Reproduce the records below exactly, but only between the lines holding "niagara effect04.jpg" and "Vintage Concave Earrings", inclusive.

Dataset records:
-=-=-=-=-
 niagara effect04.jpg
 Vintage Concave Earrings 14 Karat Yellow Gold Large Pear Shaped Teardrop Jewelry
-=-=-=-=-
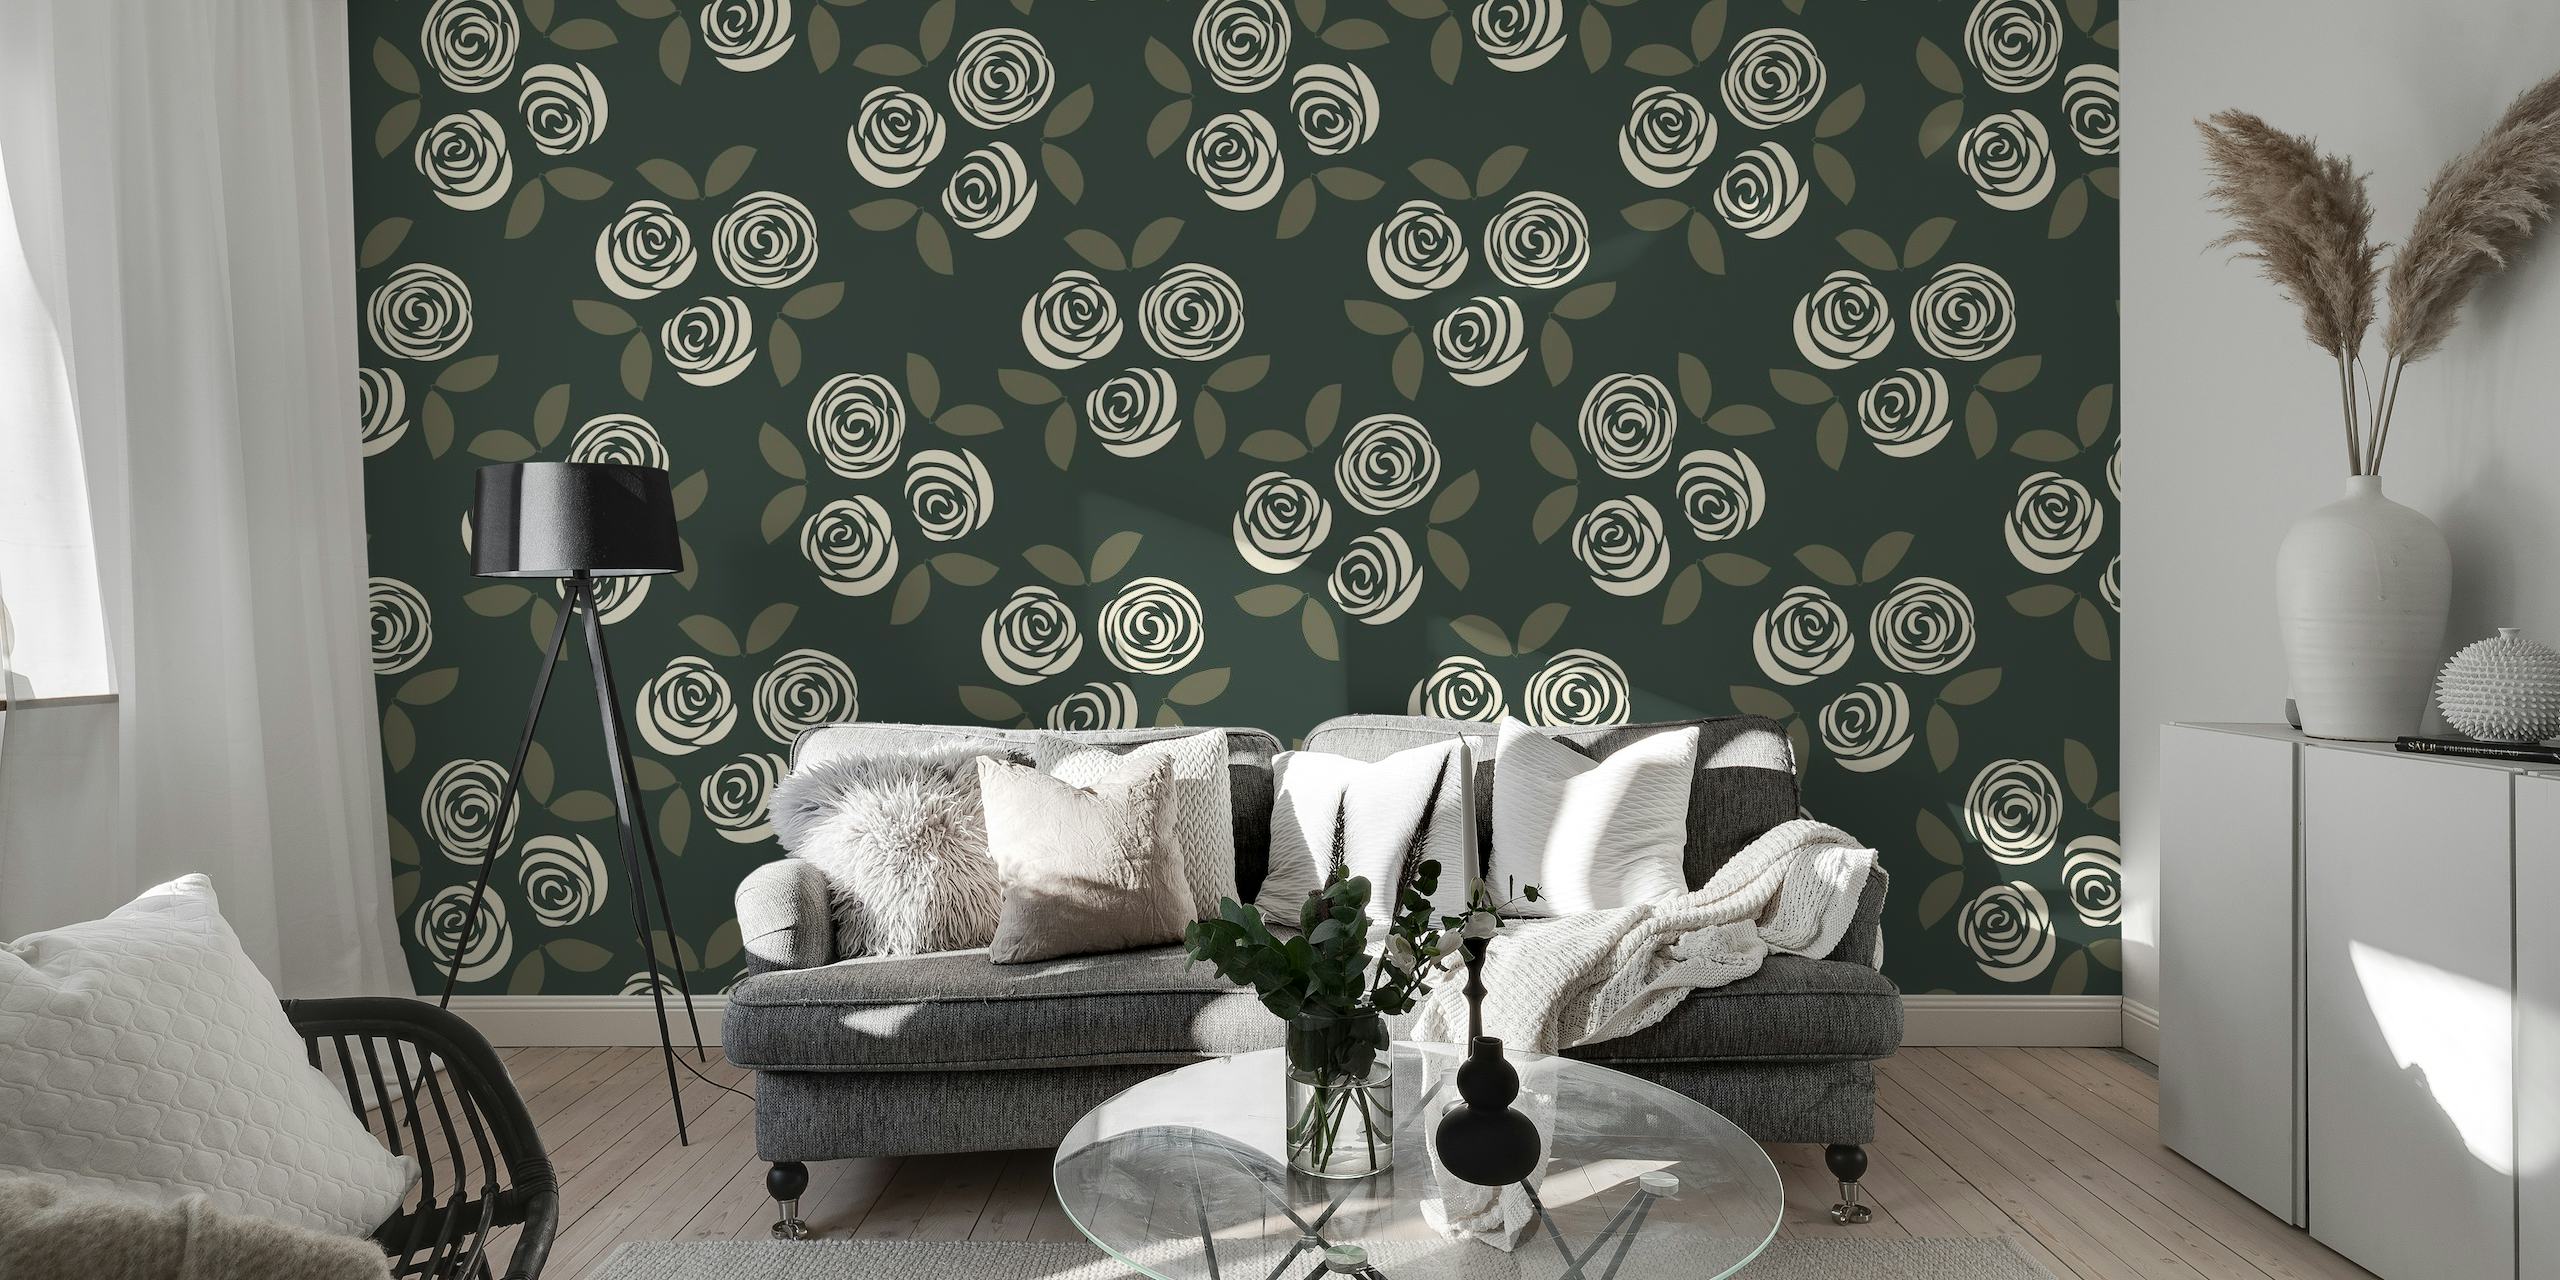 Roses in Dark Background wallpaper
-=-=-=-=-
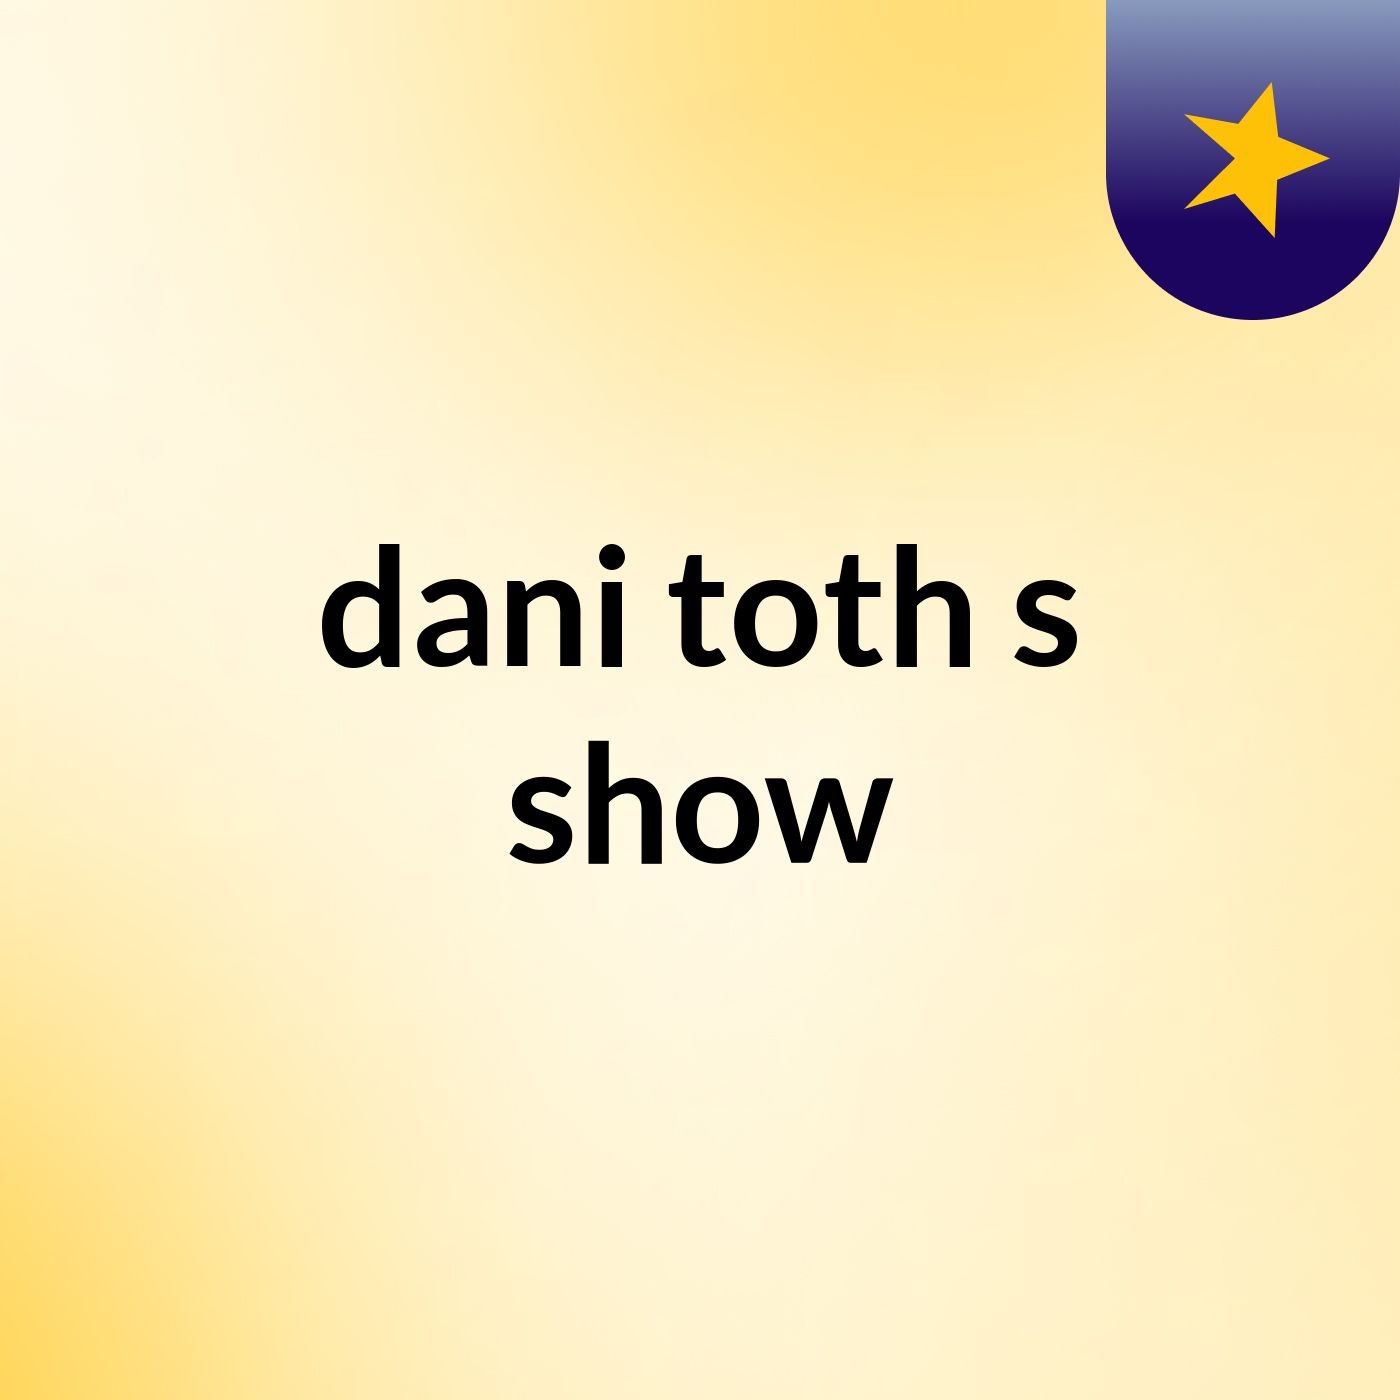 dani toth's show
-=-=-=-=-
Written response:
 niagara effect04.jpg
 Vintage Concave Earrings 14 Karat Yellow Gold Large Pear Shaped Teardrop Jewelry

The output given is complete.